Dynamic hydroplaning is a relatively high-speed phenomenon that occurs when there is a film of water on the runway that is at least one-tenth inch deep. As the speed of the aircraft and the depth of the water increase, the water layer builds up an increasing resistance to displacement, resulting in the formation of a wedge of water beneath the tire. At some speed, termed the hydroplaning speed (VP), the upward force generated by water pressure equals the weight of the aircraft and the tire is lifted off the runway surface. In this condition, the tires no longer contribute to directional control, and braking action is nil. Dynamic hydroplaning is related to tire inflation pressure. Data obtained during hydroplaning tests have shown the minimum dynamic hydroplaning speed (VP)of a tire to be 8.6 times the square root of the tire pressure in pounds per square inch (PSI). For an aircraft with a main tire pressure of 24 PSI, the calculated hydroplaning speed would be approximately 42 knots. It is important to note that the calculated speed referred to above is for the start of dynamic hydroplaning. Once hydroplaning has started, it may persist to a significantly slower speed depending on the type being experienced.

Reverted rubber

Reverted rubber (steam) hydroplaning occurs during heavy braking that results in a prolonged locked-wheel skid. Only a thin film of water on the runway is required to facilitate this type of hydroplaning. The tire skidding generates enough heat to cause the rubber in contact with the runway to revert to its original uncured state. The reverted rubber acts as a seal between the tire and the runway, and delays water exit from the tire footprint area. The water heats and is converted to steam which supports the tire off the runway.

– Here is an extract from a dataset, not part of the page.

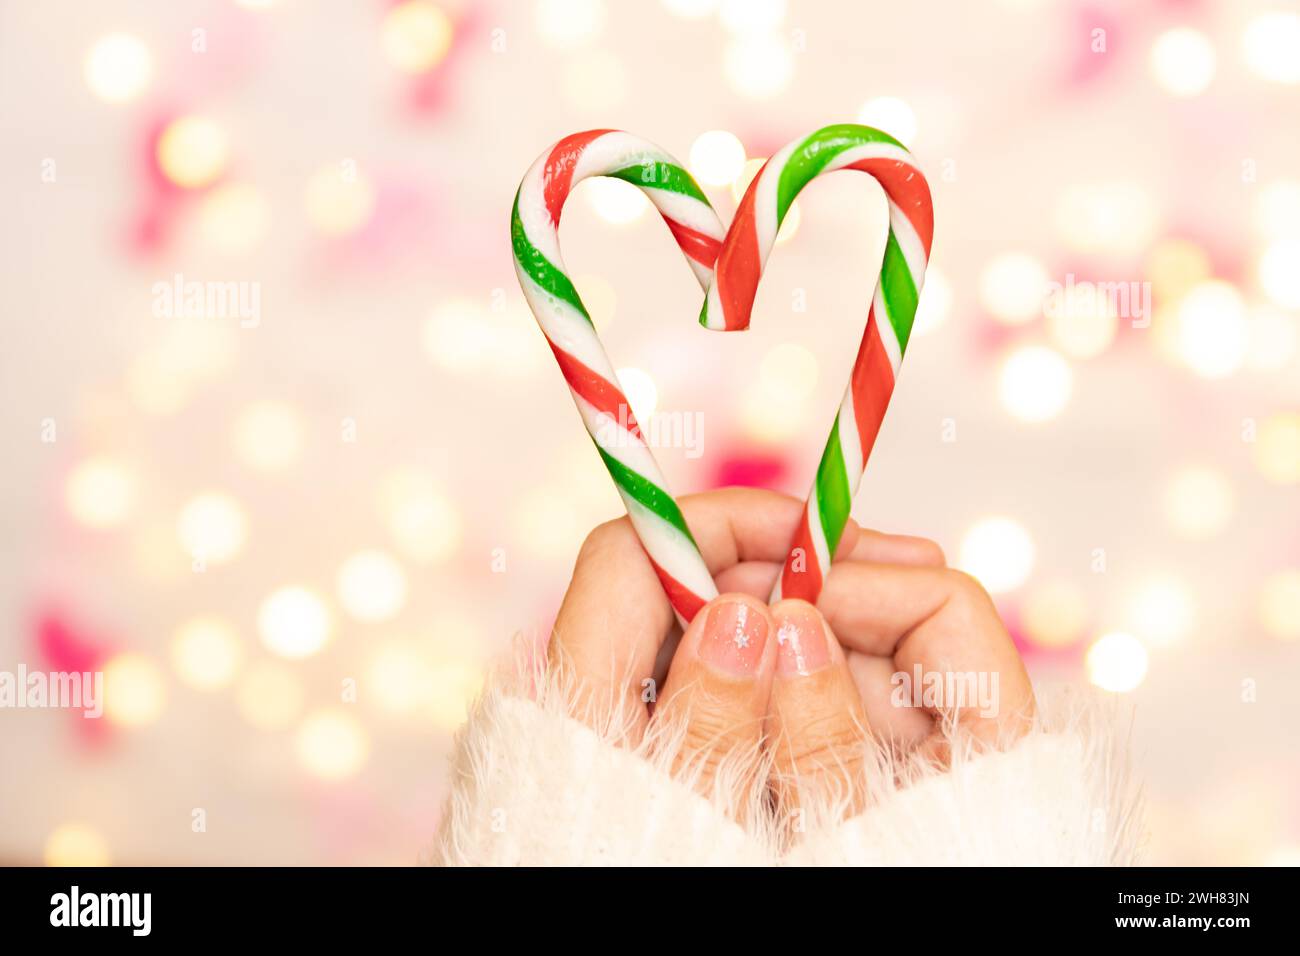 woman hand with sweater holding candy canes in the shape of heart, defocus bokeh light decorate for Valentine's Day celebration at background. Stock Photo

Reverted rubber hydroplaning frequently follows an encounter with dynamic hydroplaning, during which time the pilot may have the brakes locked in an attempt to slow the aircraft. Eventually the aircraft slows enough to where the tires make contact with the runway surface and the aircraft begins to skid. The remedy for this type of hydroplane is for the pilot to release the brakes and allow the wheels to spin up and apply moderate braking. Reverted rubber hydroplaning is insidious in that the pilot may not know when it begins, and it can persist to very slow groundspeeds (20 knots or less).


Viscous hydroplaning is due to the viscous properties of water. A thin film of fluid no more than one thousandth of an inch in depth is all that is needed. The tire cannot penetrate the fluid and the tire rolls on top of the film. This can occur at a much lower speed than dynamic hydroplane, but requires a smooth or smooth acting surface such as asphalt or a touchdown area coated with the accumulated rubber of past landings. Such a surface can have the same friction coefficient as wet ice.

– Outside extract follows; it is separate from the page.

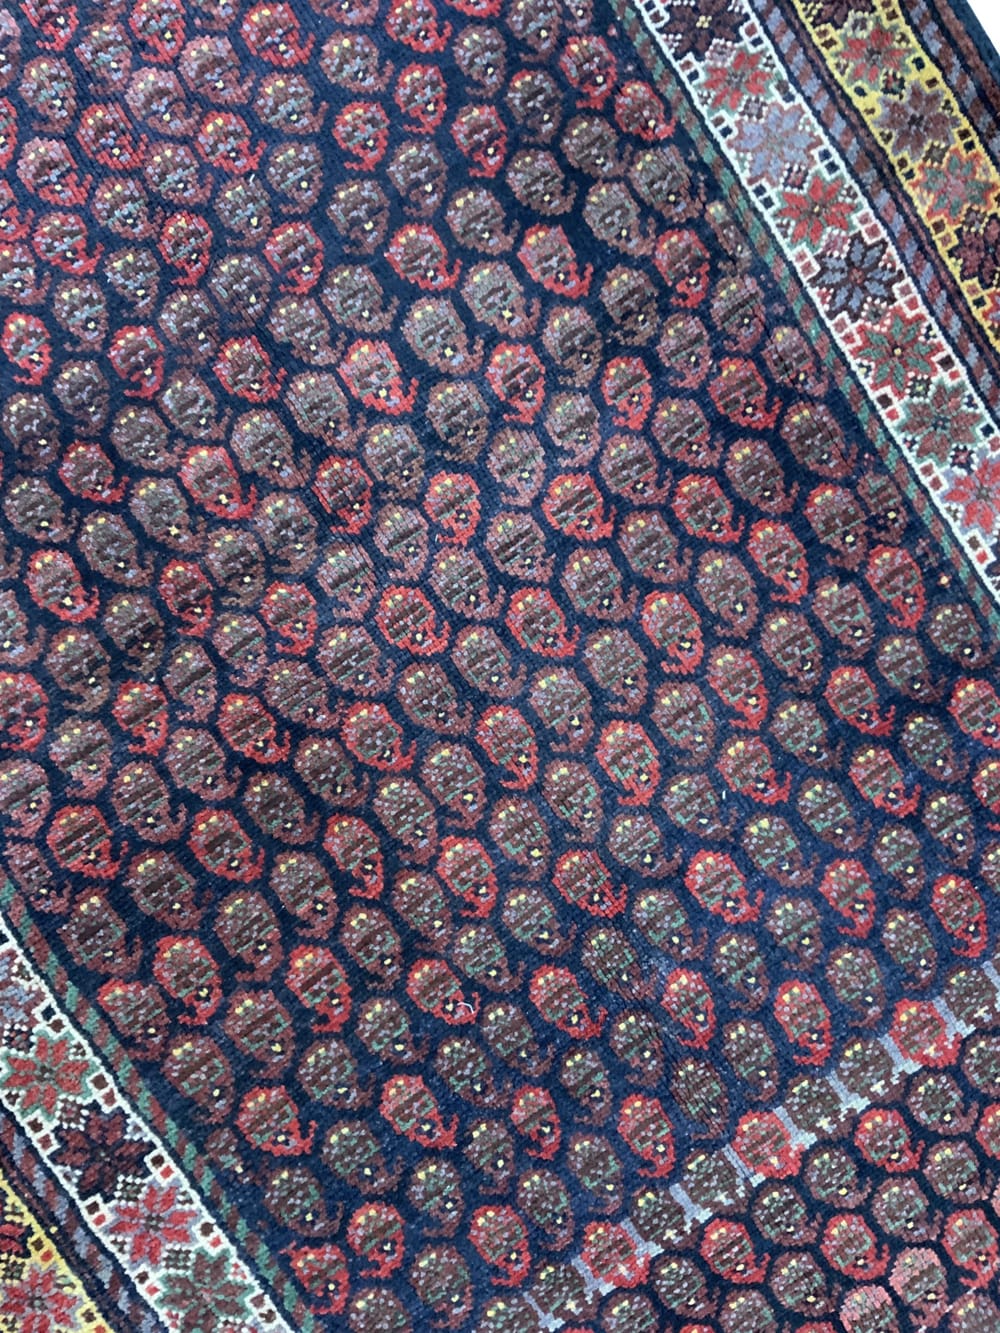 Rug#10576 Antique Caucasian, Day-Bed rug, circa1900, all wool rare & collectable, Persia, size 253x124cm (6)

When confronted with the possibility of hydroplaning, it is best to land on a grooved runway (if available). Touchdown speed should be as slow as possible consistent with safety. After the nosewheel is lowered to the runway, moderate braking should be applied. If deceleration is not detected and hydroplaning is suspected, the nose should be raised and aerodynamic drag utilized to decelerate to a point where the brakes do become effective.

Proper braking technique is essential. The brakes should be applied firmly until reaching a point just short of a skid. At the first sign of a skid, the pilot should release brake pressure and allow the wheels to spin up. Directional control should be maintained as far as possible with the rudder. Remember that in a crosswind, if hydroplaning should occur, the crosswind will cause the aircraft to simultaneously weathervane into the wind as well as slide downwind.


* [http://www.smartmotorist.com/rai/rai.htm Smart Motorist - "Driving in the Rain"]
* Airplane Flying Handbook, FAA Publication FAA-H-8083-3A, available for download from the Flight Standards Service Web site at http://av-info.faa.gov.

External Links

* [http://ntrs.nasa.gov/archive/nasa/casi.ntrs.nasa.gov/19640000612_1964000612.pdf NASA paper] describing hydroplaning.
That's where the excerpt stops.